On y retrouve, aussi, le lancement d’un appel d’offres pour la réalisation de travaux, courant 2007, de travaux d’améliorations des piscines Altitude 500 et Harjès, équipements devenus depuis le 1er janvier 2005, d’intérêt communautaire.

Plusieurs délibérations, aussi, pour soutenir le développement du parc de logements sur le territoire du Pôle Azur Provence.

Bref ! Un conseil communautaire qui fait encore avancer notre travail intercommunal.

Pour les autres délibérations, voir le site du Pôle Azur Provence.

Le dernier conseil municipal.

Mercredi 22 mars 2006

Jeudi 16 mars : Quatre vingt une délibérations. Quatre heures de séance !

Le plat de résistance de ce conseil municipal était l’examen du compte administratif 2005, c’est-à-dire, en fait, le bilan financier de l’exercice budgétaire écoulé.

L’effort de gestion financière de la Ville y est manifeste.

Tout d’abord, un volume d’équipements exceptionnel de plus de 11 millions d’euros. 15, même, si on y inclut la construction de la station d’épuration des Roumiguières qui est imputés sur le budget annexe de l’eau et de l’assainissement. Ce volume est le double de celui de 2002.

La ville bouge ! On y compte un nombre impressionnant de chantiers publics dont la plupart sont incitatifs de l’investissement privé. (Réhabilitations dans le centre ancien, restructuration du Bd du Jeu de Ballon, Ecole de Plascassier, début du Musée international de la Parfumerie et de la Crèche du Peyrard, Maison des associations, nombreux chantiers de voirie et dans les écoles, etc…)

On y prend acte également de la maîtrise des charges de fonctionnement, politique nécessaire au maintien d’un autofinancement suffisant pour maintenir la capacité d’investissement. On y note aussi la stabilité de l’endettement.

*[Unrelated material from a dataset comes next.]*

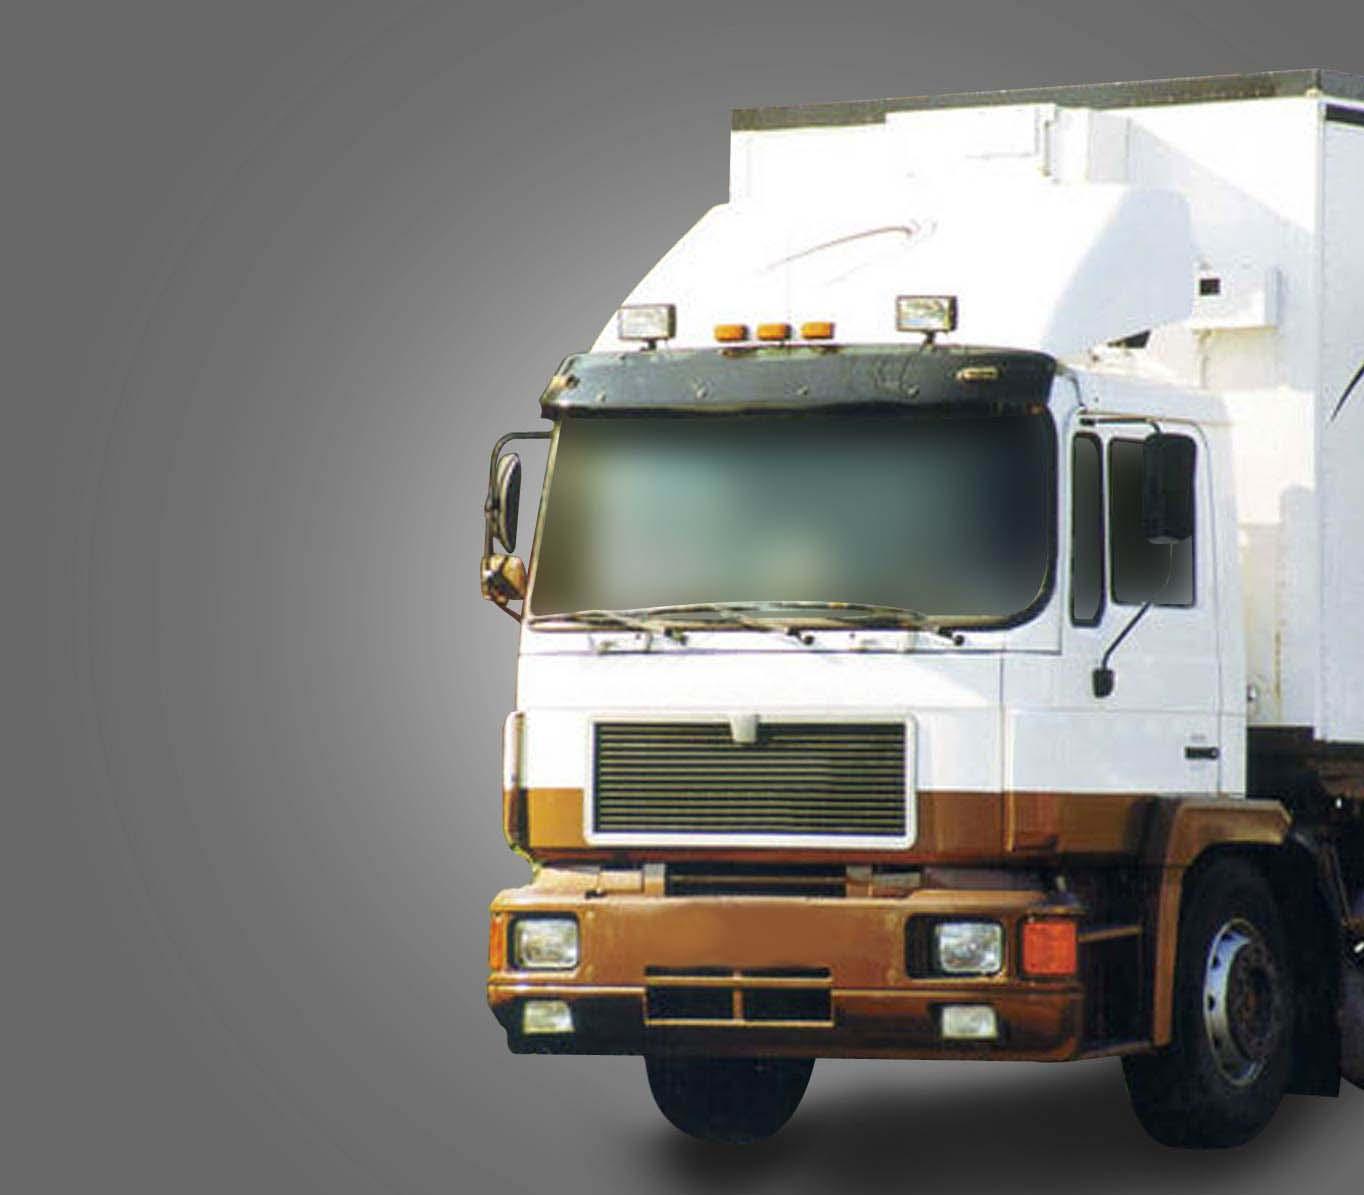 VISIERA PER MAN F2000 - M2000 - F90 - M90 - TETTO BASSO - Larghezza cabina 2280 mm

Enfin, une stabilité fiscale, puisque les taux d’imposition des ménages (Taxe d’habitation, Foncier bâti et non bâti) sont inchangés depuis 10 ans. C’était un engagement électoral et je m’attache, malgré le nombre croissant de charges qui incombent à la commune, à le respecter.

Le groupe d’opposition de gauche n’a plus beaucoup d’espace pour critiquer la gestion municipale. Elle se livre, alors, à des arguties de dimension médiocre et démagogique du style : « il faut augmenter les effectifs de l’administration communale, il faut faire plus de travaux, il faut faire plus pour le social, le sports, les écoles, la voirie, etc….mais, bien sûr, il faut aussi baisser les impôts… !!! De quoi plaire à l’auditoire et séduire les électeurs du haut d’une tribune facile sans assurer la responsabilité de la gestion…Mais, au fond, c’est de bonne guerre…et personne n’est dupe !

C’est aussi lors de ce Conseil que furent complétés les dispositifs juridiques du Projet de Renouvellement Urbain. Tout particulièrement l’extension du périmètre de la convention publique d’aménagement du Centre ancien au quartier dit « de la porte Est » (Monoprix, Ex-Montlaur, Parking Martelly) et l’ouverture d’une Zone d’Aménagement Concerté dans le quartier de la gare SNCF. On y reviendra.

Un bon Conseil ! Un peu épuisant pour moi…mais efficace !

(Pour les autres délibérations, consultez le site de la Ville de Grasse.)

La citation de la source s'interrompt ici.